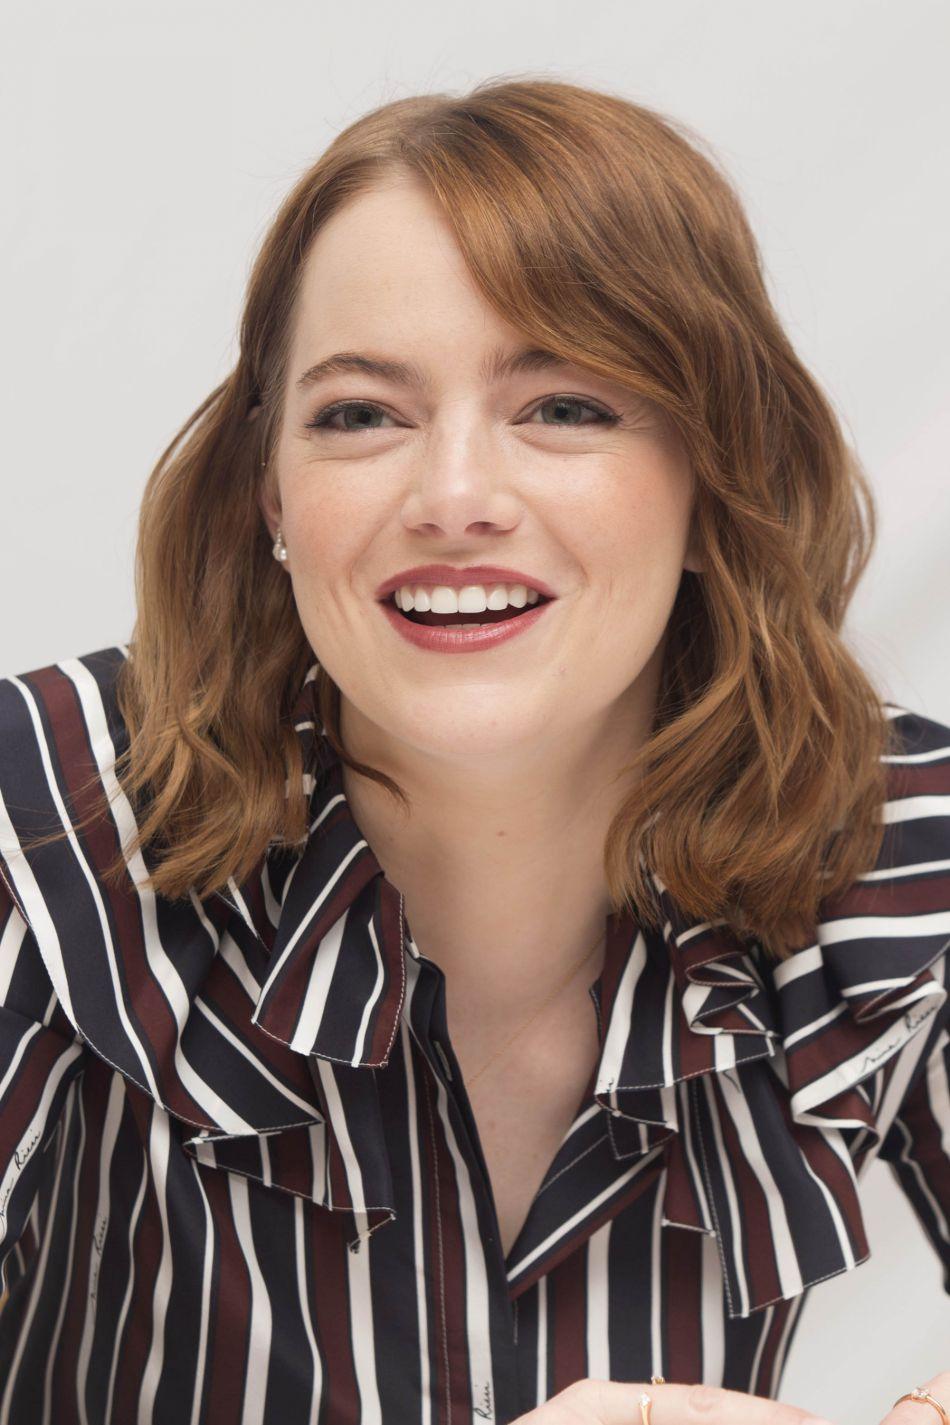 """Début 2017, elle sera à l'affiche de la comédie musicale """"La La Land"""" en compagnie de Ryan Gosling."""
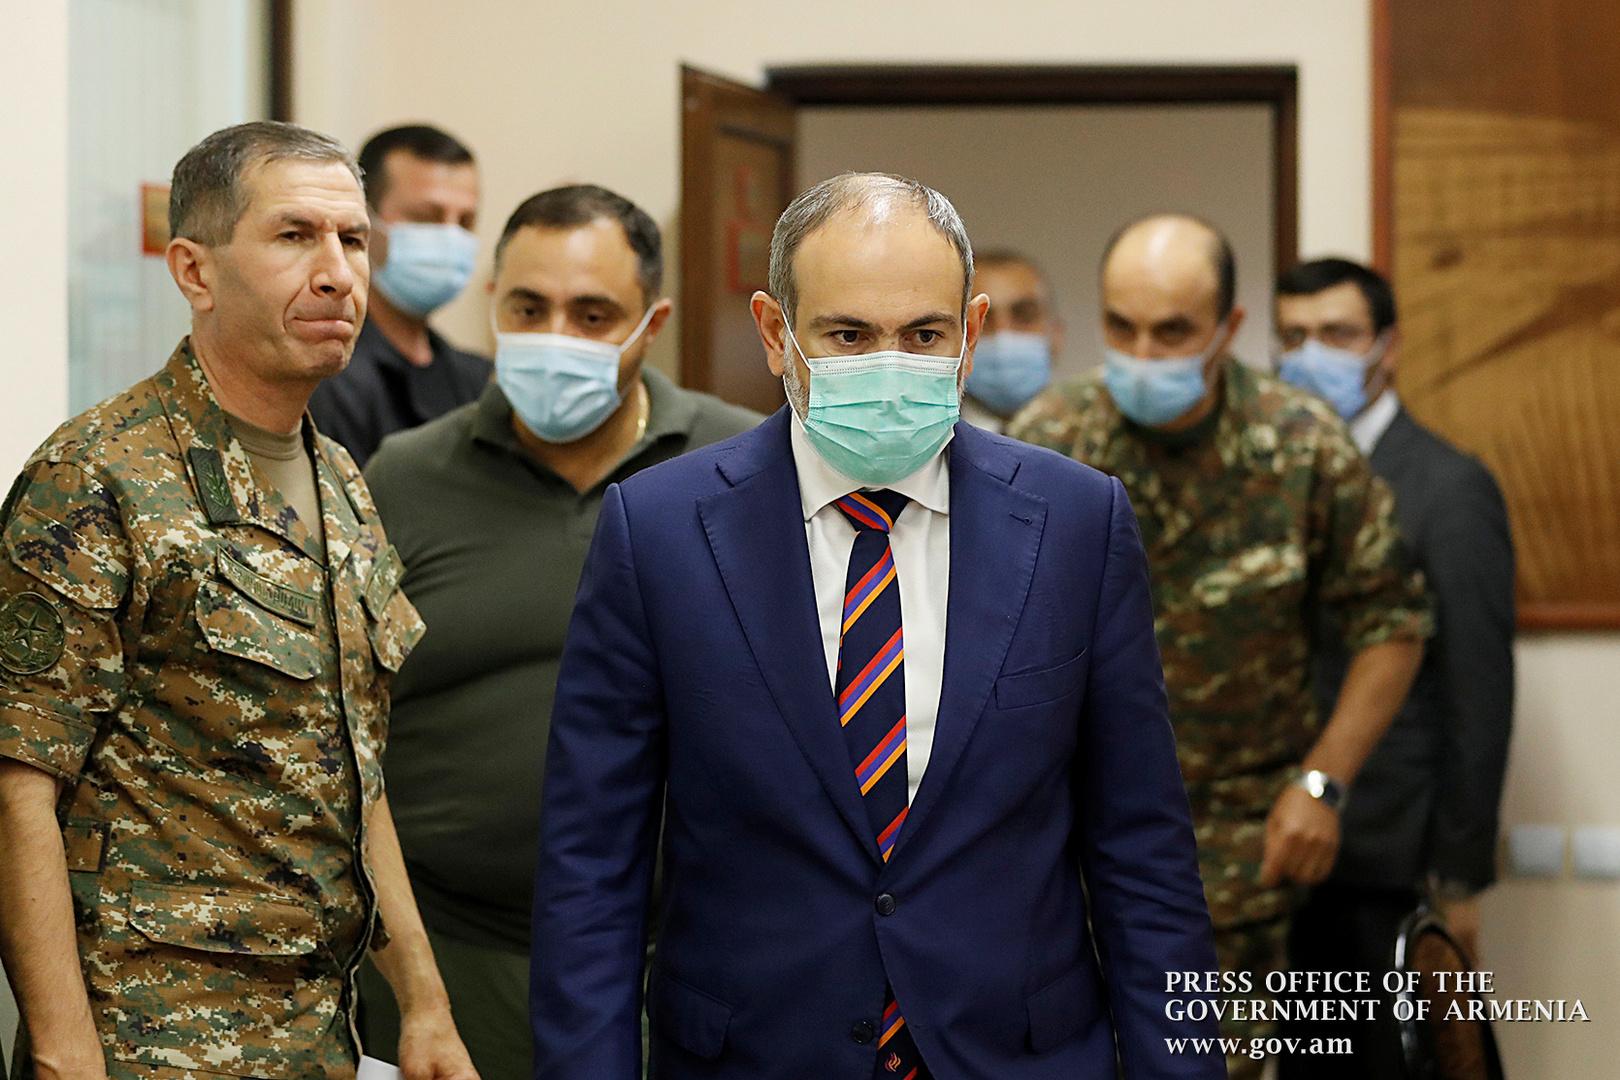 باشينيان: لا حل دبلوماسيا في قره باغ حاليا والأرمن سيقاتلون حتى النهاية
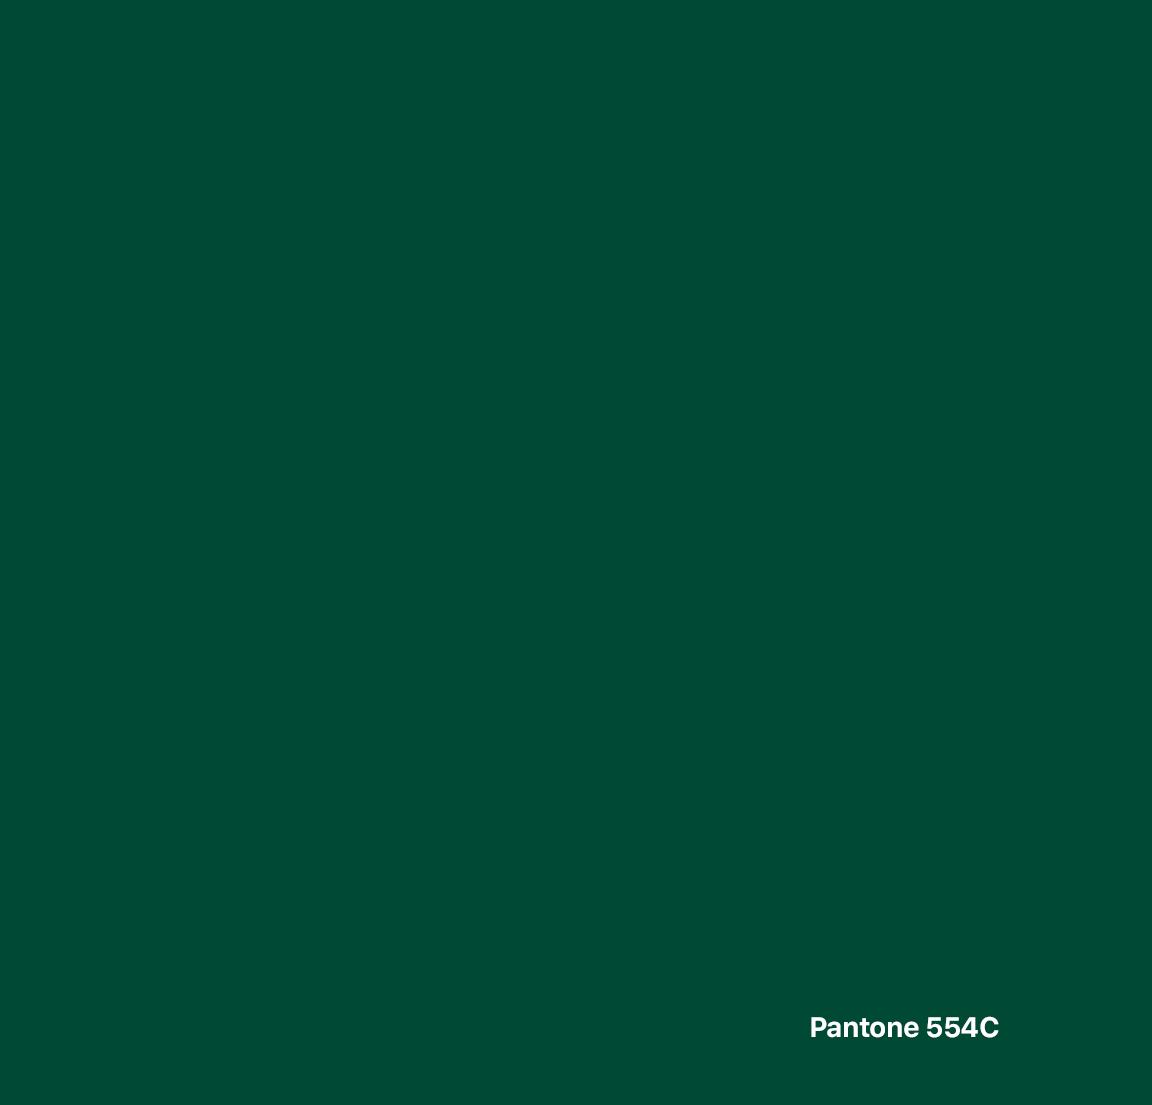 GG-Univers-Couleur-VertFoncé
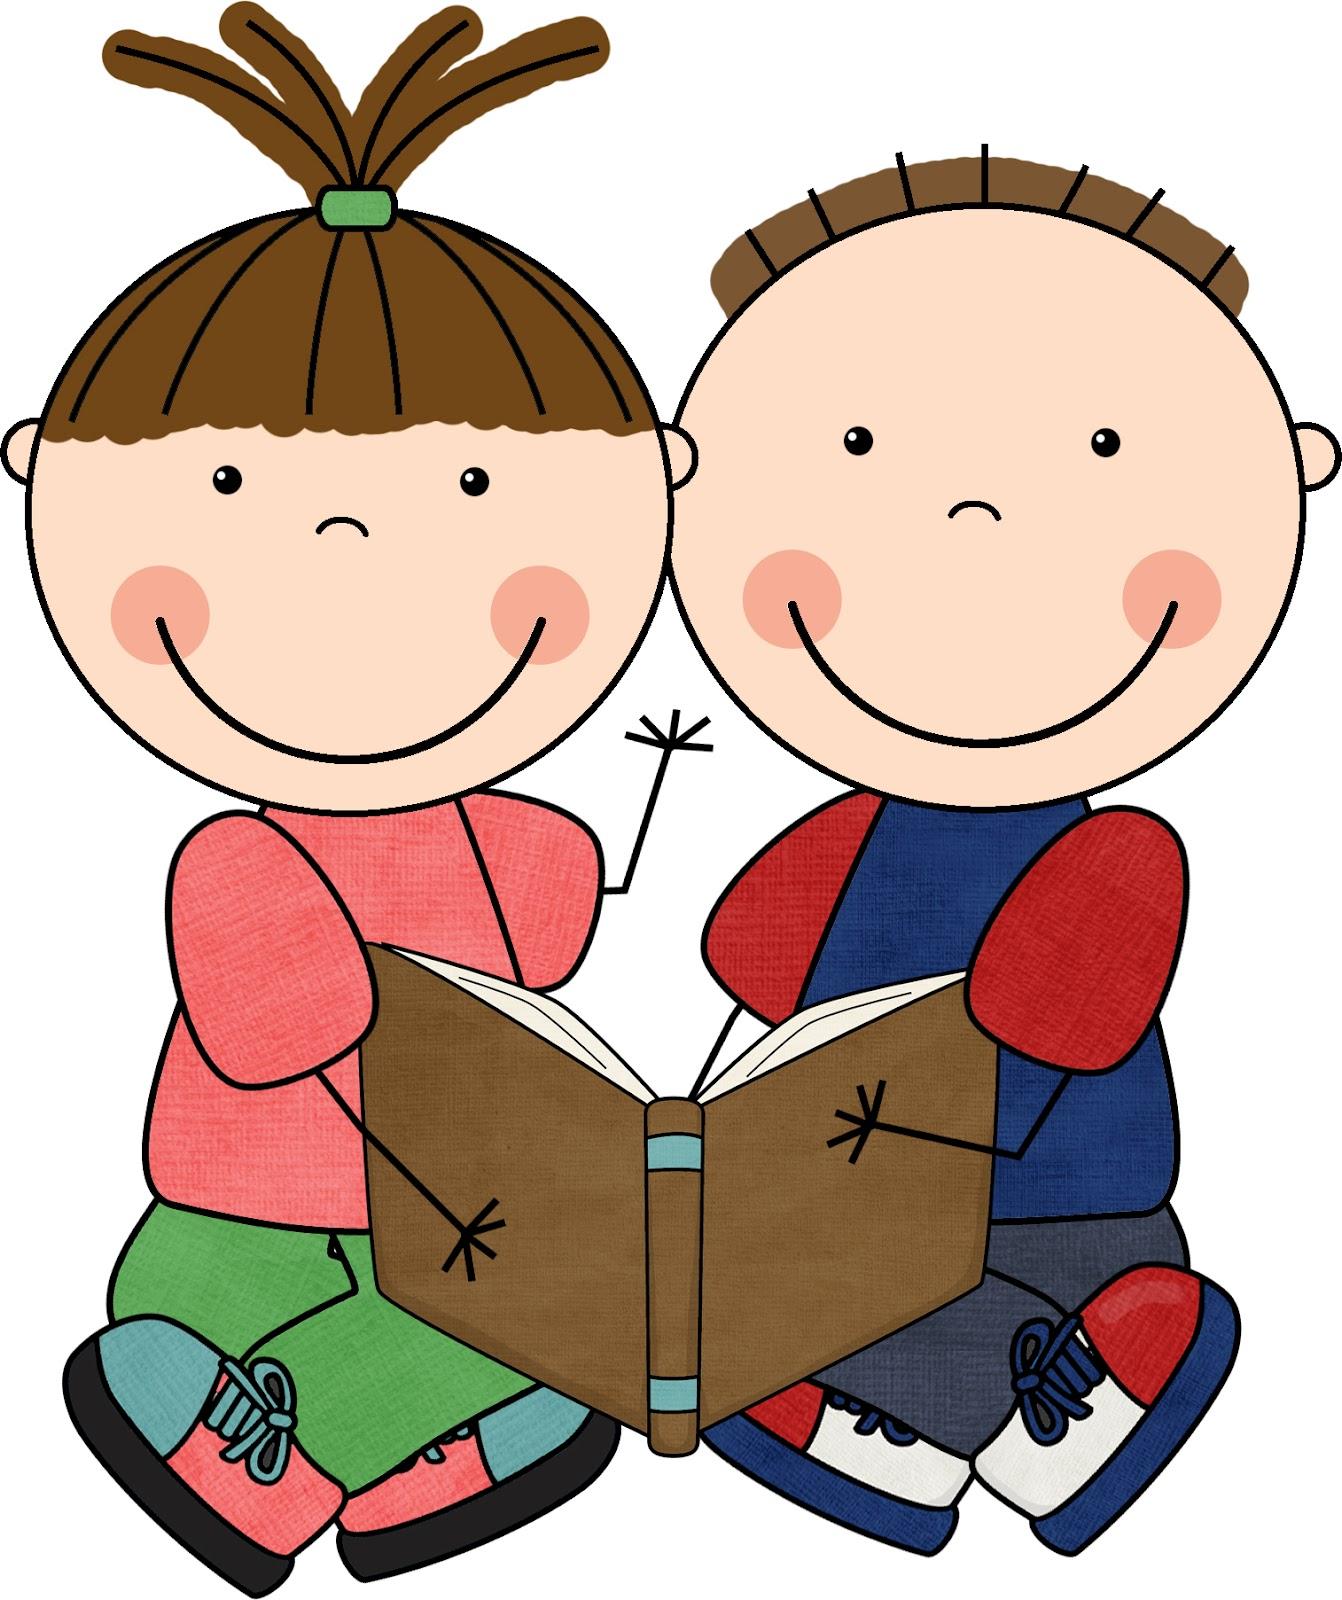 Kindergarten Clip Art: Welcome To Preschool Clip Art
○ ○ ○ ○
> **HOW TO COMPLETE THIS TASK**
I would like the data copied exactly as it stands, with no pictures included.

> **FINISHED TASK**
 """Début 2017, elle sera à l'affiche de la comédie musicale """"La La Land"""" en compagnie de Ryan Gosling."""
 باشينيان: لا حل دبلوماسيا في قره باغ حاليا والأرمن سيقاتلون حتى النهاية
 GG-Univers-Couleur-VertFoncé
 Kindergarten Clip Art: Welcome To Preschool Clip Art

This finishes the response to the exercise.